For instance, Corrade could return the following:

dog=bark&cat=meow&food=coffee

The order in which the keys and values appear is undefined meaning that the previous example could also be written as:

cat=meow&dog=bark&food=coffee

or even:

food=coffee&dog=bark&cat=meow

as long as the following invariants are preserved:

  • The keys (food, dog, cat) are unique.
  • The relative mappings (food โ†’ coffee, dog โ†’ bark, cat โ†’ meow) are maintained.
  • The ordering of key and value tuples can be arbitrary.

The Wizardry and Steamworks key-value functions are able to extract keys and values following the rules.

Comma Separated Values (CSV) (Substructure)

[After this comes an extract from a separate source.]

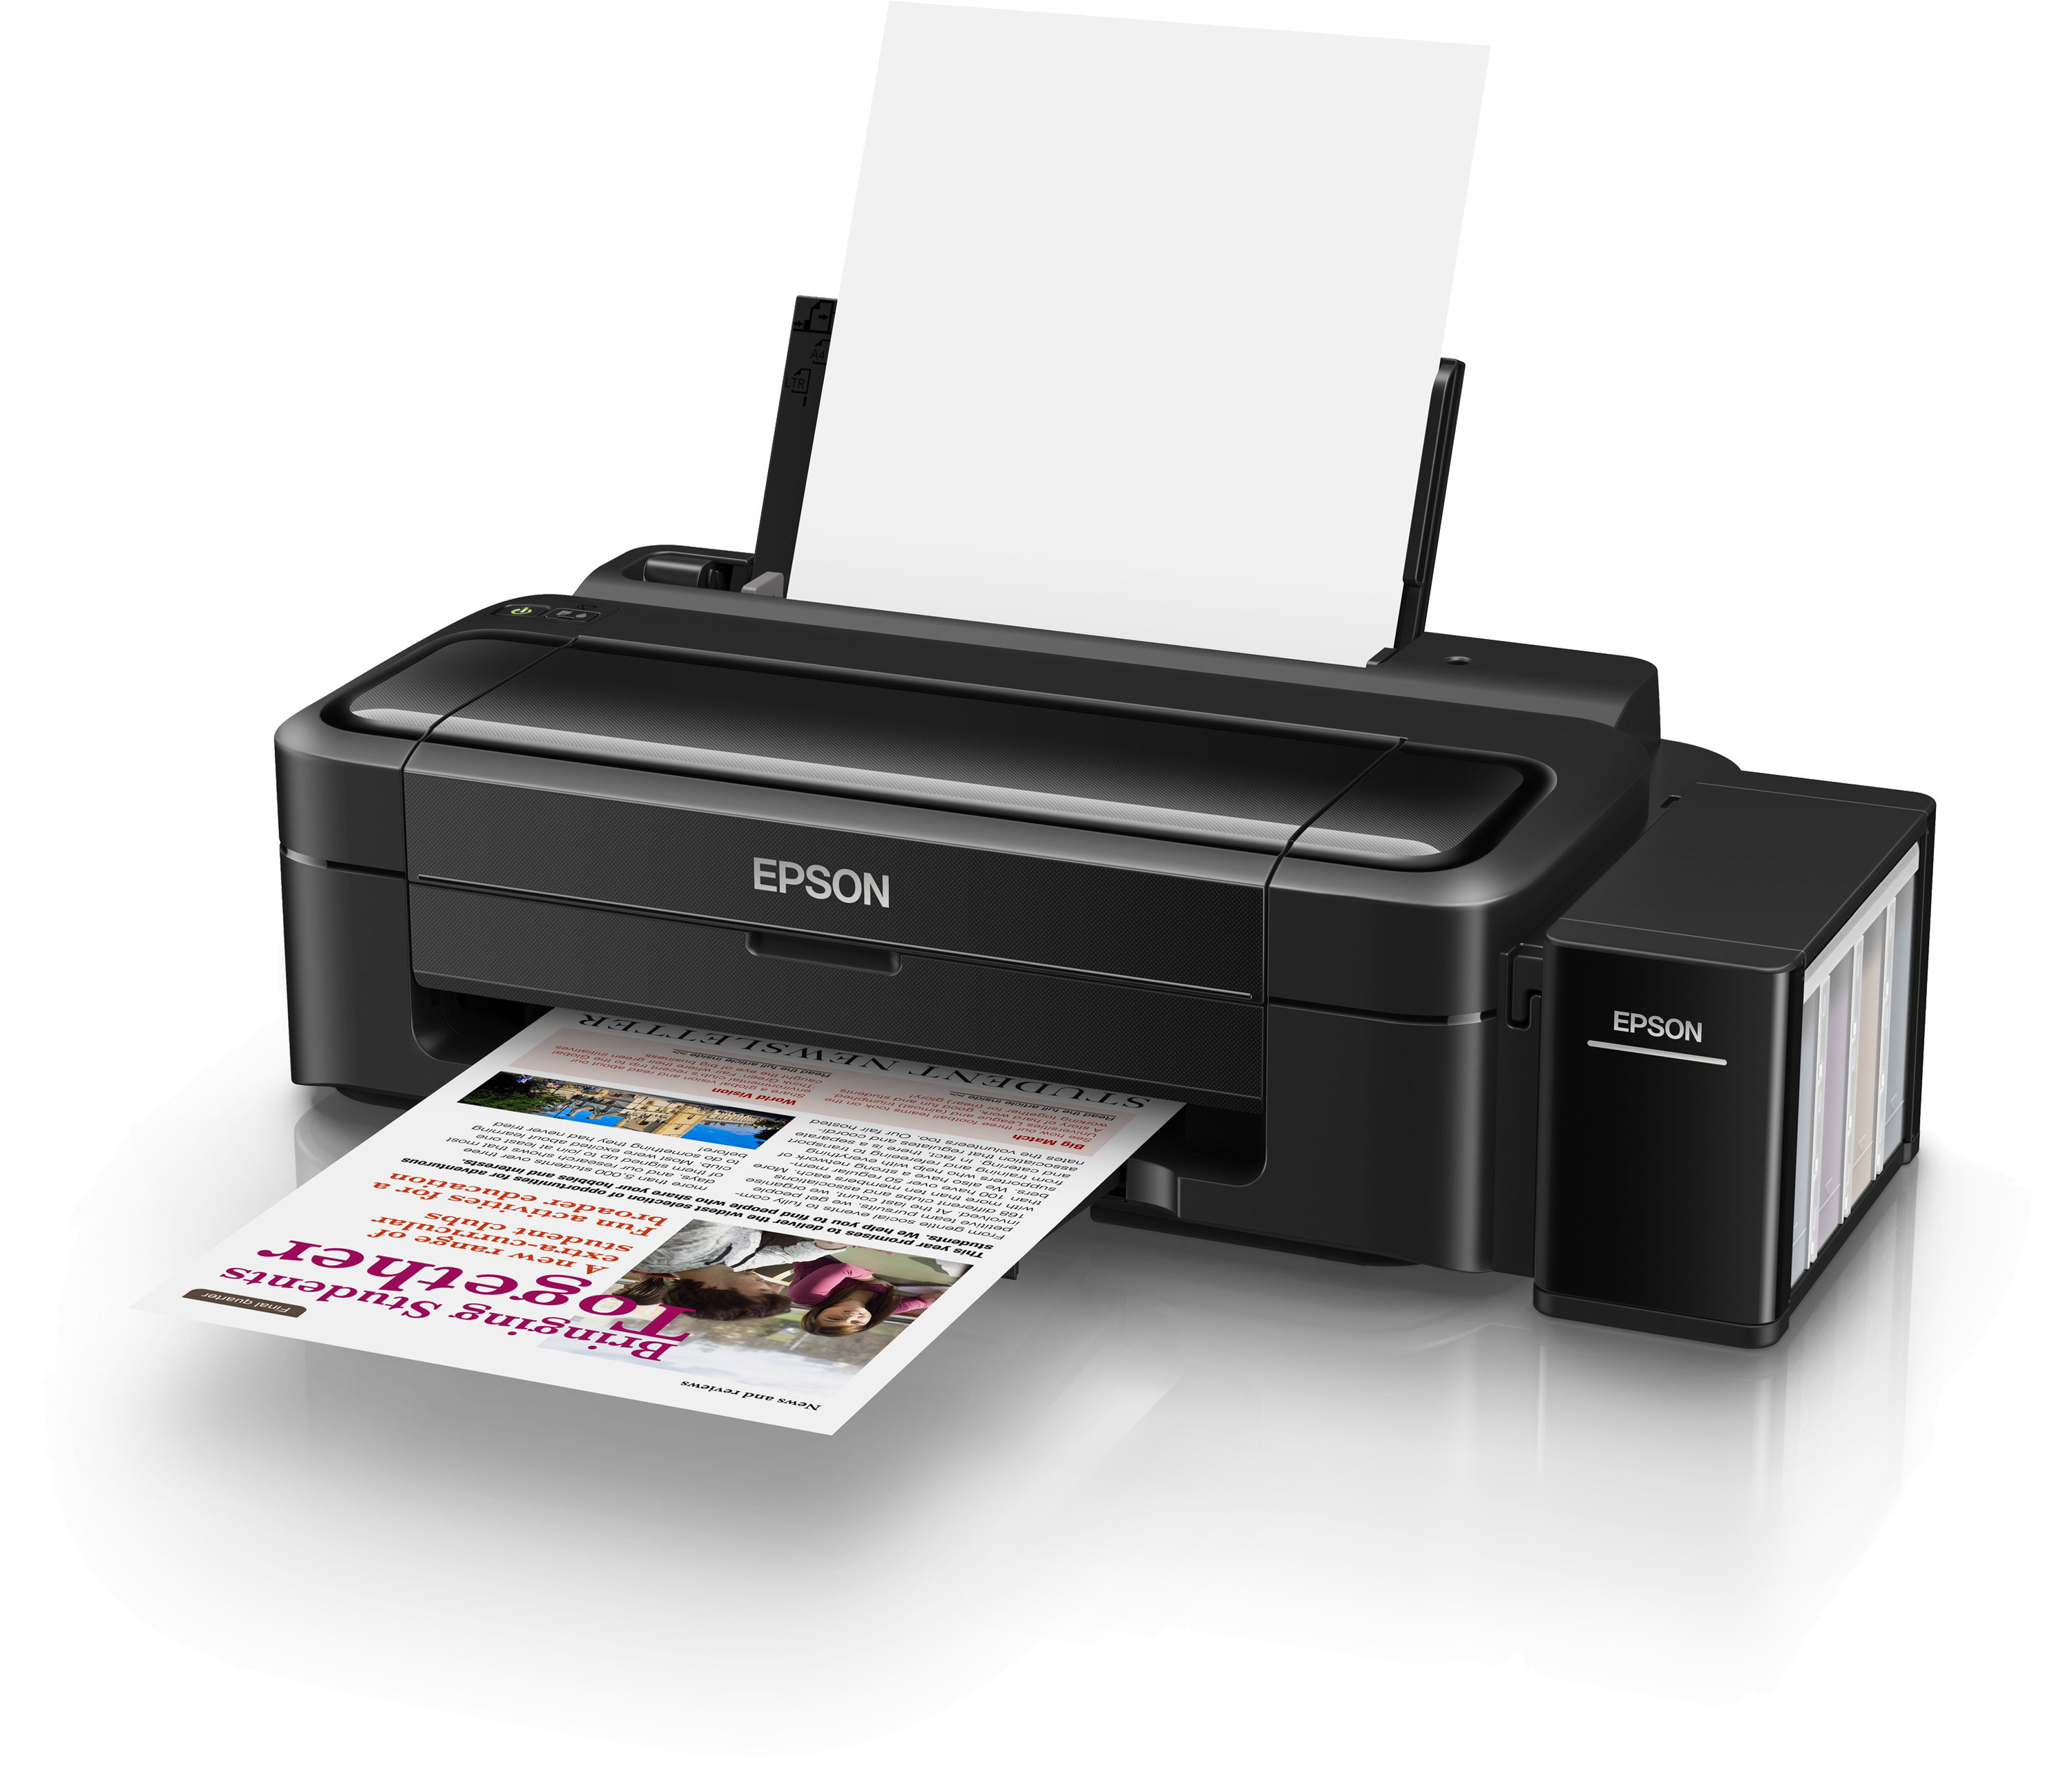 Купить принтер в м видео. Принтер Эпсон l132. Принтер Epson l3100. Принтер струйный Epson l132. Epson l1110.

The second substructure that Corrade returns for all data processing and retrieval commands is represented as Comma Separated Values (CSV). For instance, were we to send the command to Corrade:

range=16&command=getprimitivesdata&data=Name,ID&entity=range&callback=http://...

the requested data:

data=Name,ID

would possibly return something like:

ID,ebb103f5-c54f-b821-c307-0b972a110291,Name,"TIKI TATTOO - 3D Light Palm Tree tall straight LIGHT- mesh",Name,"-FelineS City - Shop XS #31",ID,976e622e-5025-038f-b58d-9c6c9be5be6b,Name,":Fanatik Architecture: LONDON Straight B",ID,e844443c-232a-4532-68cd-75798c224b88

In contexts where data-commands are used (command names suffixed with the data string), Corrade returns a CSV list of predicates employing the terminology As by Bs by Cs which signifies in practice a list of the shape:

A, 10, g, B, 20, e, C, 5

where the value of each predicate immediately follows the predicate. Even though the data format is still CSV, the meaning of traditional "rows and columns" is in fact implicit within the syntax of the CSV used by Corrade. In other words, since data can only be transmitted linearly as strings without being able to supply "files", the columns and rows appear interrelated within the syntax.

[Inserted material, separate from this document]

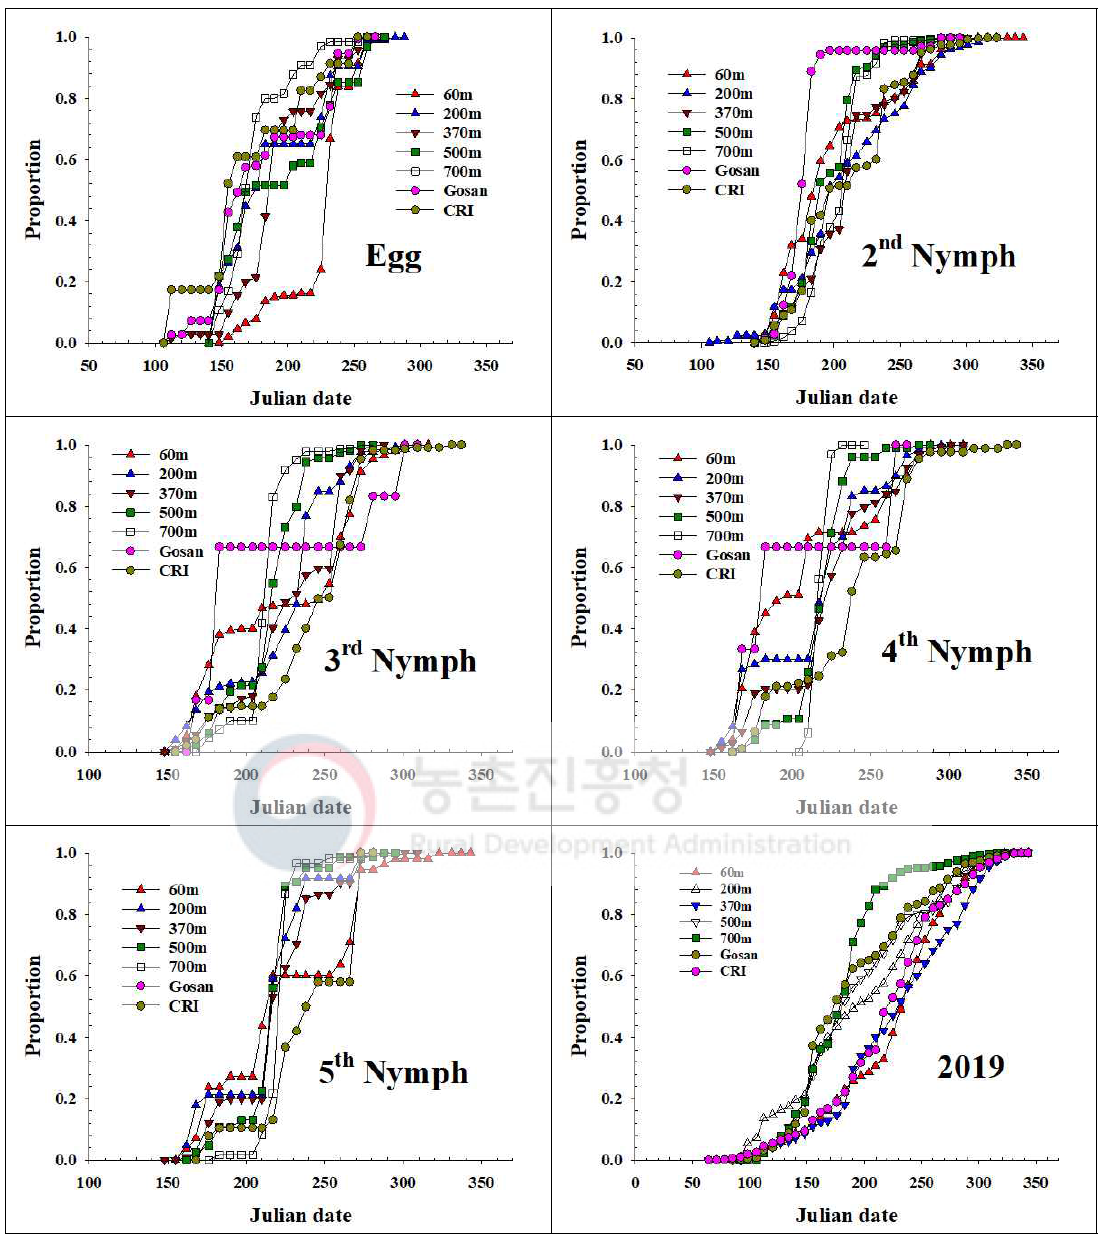 제주지역 톱다리개미허리노린재 발육단계별 개체수 누적증가 지역간 비교(2019)

For instance, the data string above:

A, 10, g, B, 20, e, C, 5

is identical in meaning to the "CSV table with headers":

A B C
10 20 5
g e

There are two ways to linearize a table:

  • serialize the table column by column
  • serialize the table row by row

In terms of required complexity the two methods are identical and the choice of serializing column by column is a Corrade design choice.

Formally a CSV data string returned by Corrade, can be expressed as a double union series of keys $k_{i}$ and values $v_{j}(k_{i})$:


k_{0}, v_{0}(k_{0}), v_{1}(k_{0}), \cdots, v_{n}(k_{0}), k_{1}, v_{0}(k_{1}), v_{1}(k_{1}), \cdots, v_{n}(k_{1}), \cdots, v_{n}(k_{m})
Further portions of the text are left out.